Data extract

= = = = =

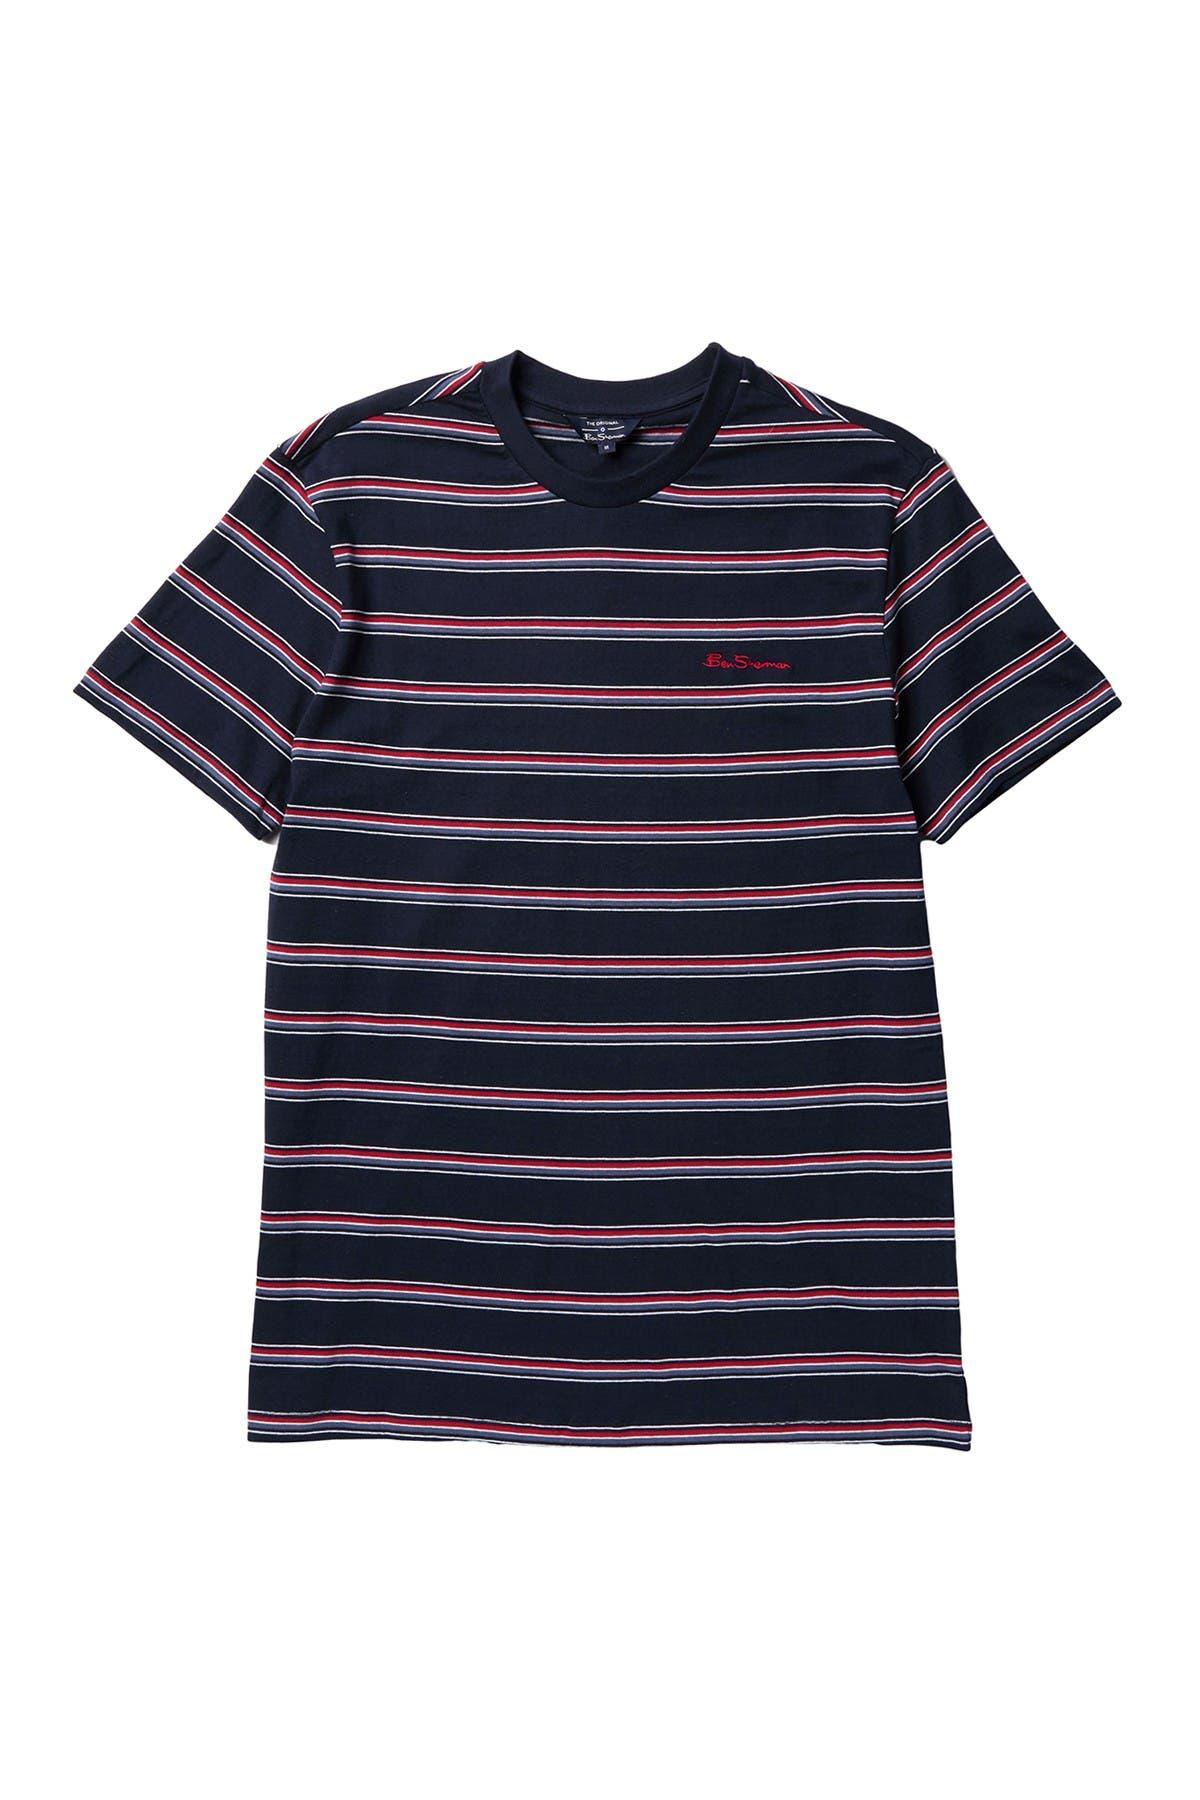 Image of Ben Sherman Short Sleeve Stripe T-Shirt
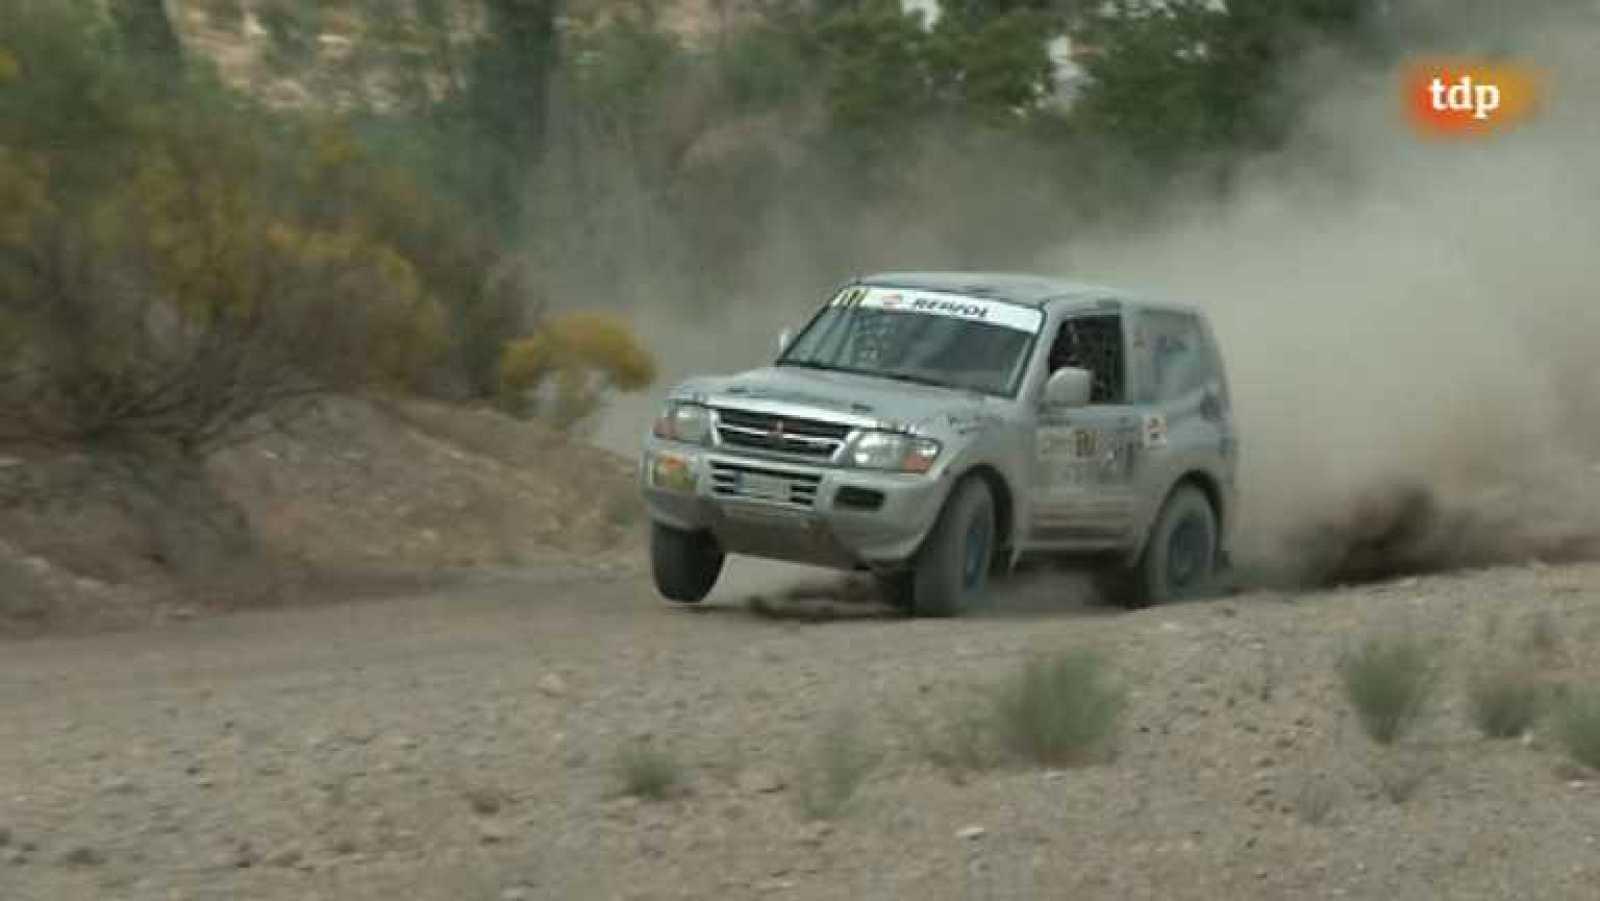 Automovilismo - Campeonato de España Rallye todo terreno Andalucía - Verahora
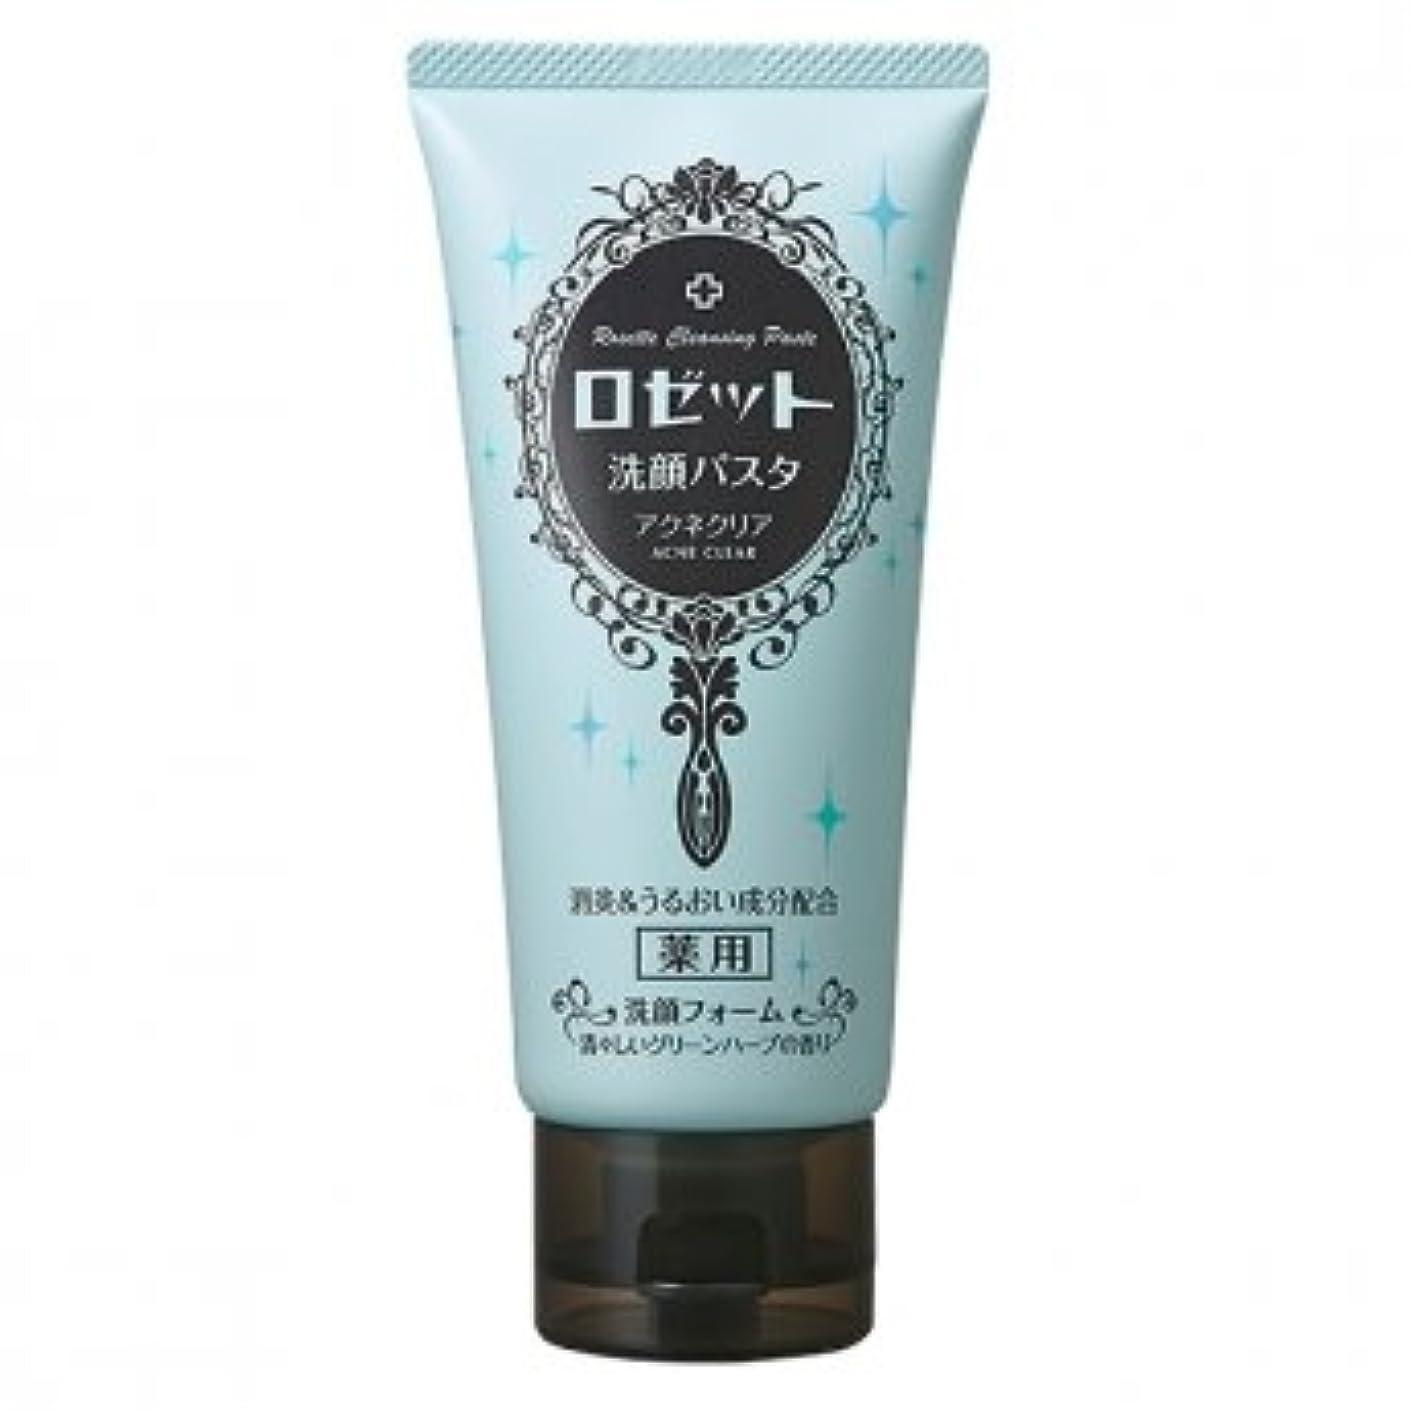 船フィードバック中世のロゼット(ROSETTE) 洗顔パスタ アクネクリア 医薬部外品 120g×48点セット 清々しいグリーンハーブの香り(洗顔フォーム)

= = = = =

Task instructions
Reproduce the whole listing above word for word, dropping each image.

Result of this exercise
 Image of Ben Sherman Short Sleeve Stripe T-Shirt
 Automovilismo - Campeonato de España Rallye todo terreno Andalucía - Verahora
 船フィードバック中世のロゼット(ROSETTE) 洗顔パスタ アクネクリア 医薬部外品 120g×48点セット 清々しいグリーンハーブの香り(洗顔フォーム)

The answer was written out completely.